Demings supported “The Heroes Act” in 2020 that included $10,000 in federal student debt cancellation and referred to millennials in a June 2018 tweet as “among the poorest generations, saddled with nearly $1.5T in student debt and the lowest saving rate of workers.”
Sanchez wants to eventually make public universities tuition-free, though for those already with student debt, he adopted Sen. Elizabeth Warren’s plan to cancel up to $50,000 worth of federal student loan debt for 95% of borrowers.

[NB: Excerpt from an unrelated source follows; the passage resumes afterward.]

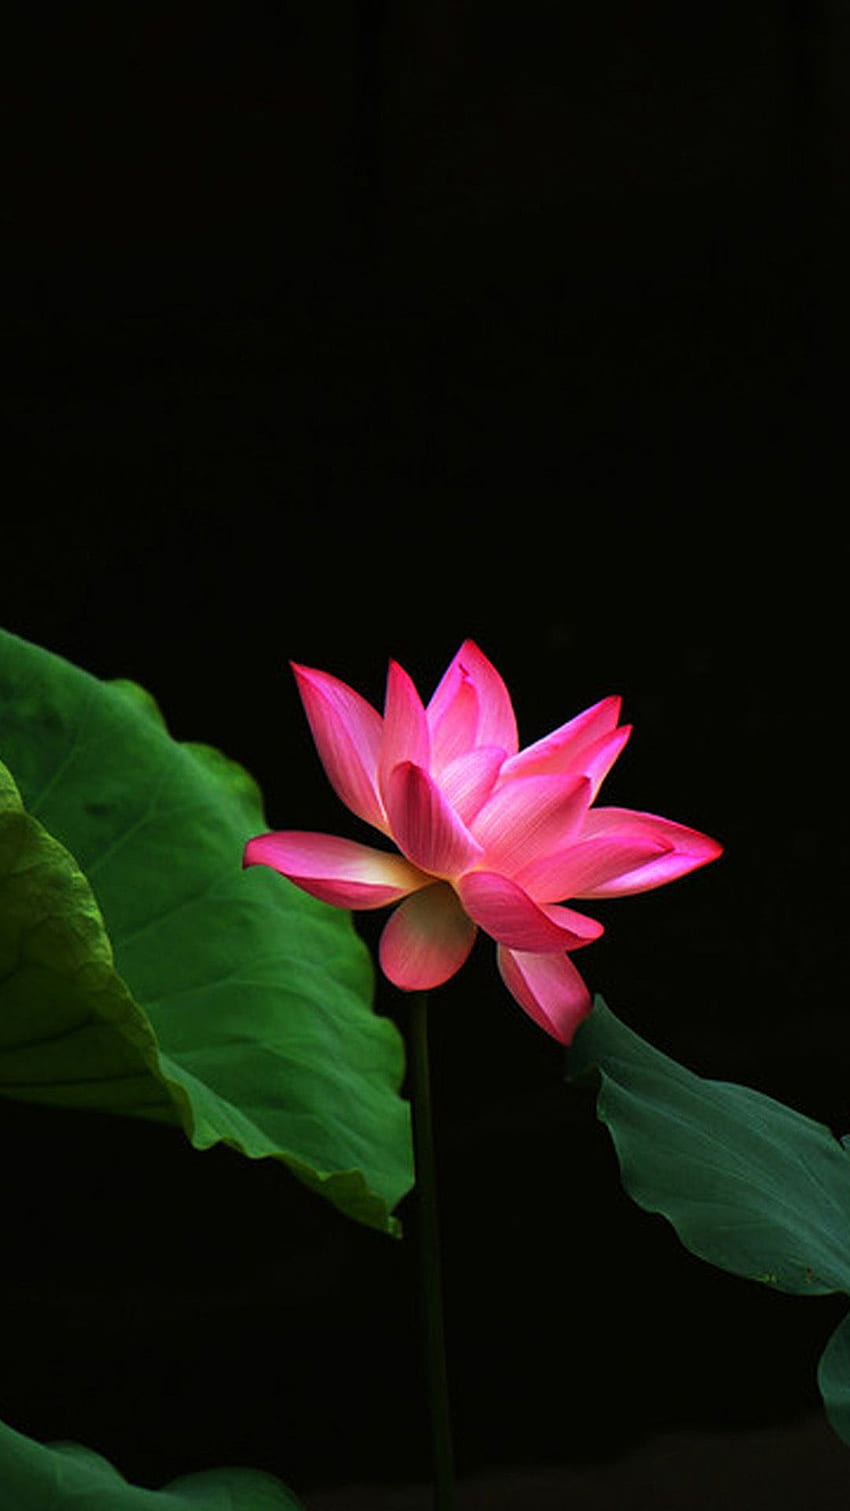 iPhone 5 czerwony kwiat lotosu w tle — portret kwiatu lotosu — — Tapeta na telefon HD

“A multilingual second-generation immigrant, Ricardo de la Fuente was raised on the work ethic that made America great. […] In his work in green energy entrepreneurship, assisted living modernization, and small business advocacy, he has applied those skills for real change. As a philanthropist, he has raised hundreds of thousands of dollars for charities fighting against cancer, homelessness, and child poverty,” de la Fuente said on his campaign website. “With his wide and varied experience in bringing people together and supporting those in need, Ricardo is ready to fight for Florida’s future through the creation of meaningful well-paid jobs in green energy, infrastructure, and technology.”

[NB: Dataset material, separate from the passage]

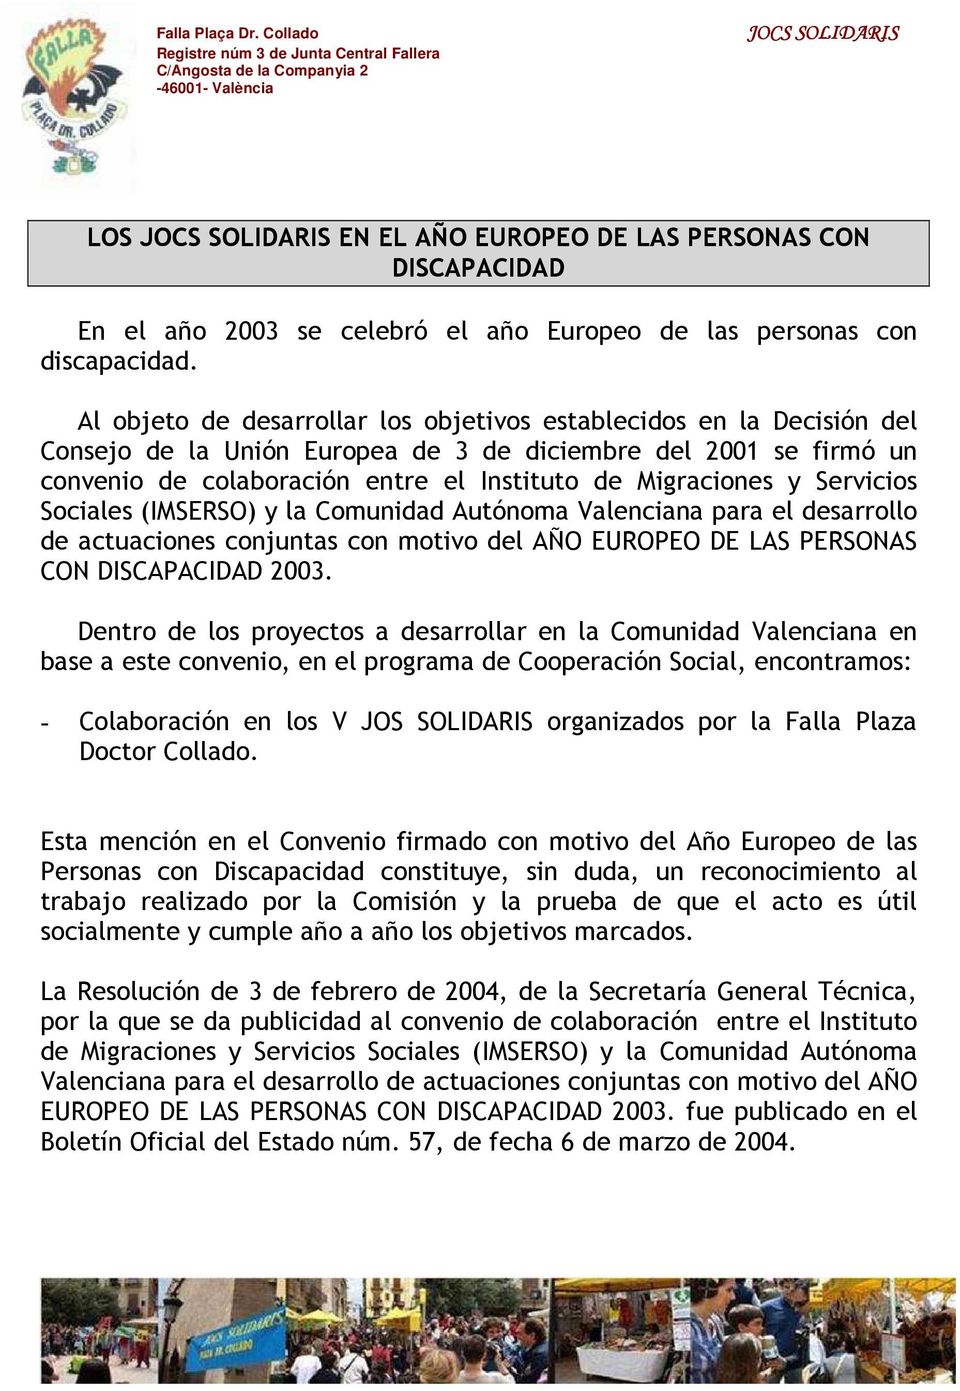 Servicios Sociales (IMSERSO) y la Comunidad Autónoma Valenciana para el desarrollo de actuaciones conjuntas con motivo del AÑO EUROPEO DE LAS PERSONAS CON DISCAPACIDAD 2003.

Along with Sanchez, Rush also supports the transition to “green,” renewable energy instead of the United States’ “current over-reliance on carbon-based energy.”
The transition is a “hot-button issue” in recent years as people around the globe fear the consequences of climate change, which many experts say humans are already experiencing. They point to the record heat waves across the United Kingdom this summer and the rise in the number and severity of wildfires in California and Australia.
“Here in Florida, our environment is our greatest treasure and our most important economic engine. Florida’s natural beauty, beautiful beaches, and clean air and water fuel our tourism-based economy. Chief Val Demings takes threats to our environment seriously, because they are threats to Floridans’ jobs and ways of life,” Demings’ campaign website said. “That’s why she opposes offshore drilling off Florida’s coasts, and why she has delivered funding to combat the toxic algae that impacts our shores and waterways. Chief Demings knows the threat of climate change is real, and that’s why she supported the bipartisan infrastructure bill which will fund billions of dollars of climate change-resistant infrastructure in Florida and create thousands of new jobs.”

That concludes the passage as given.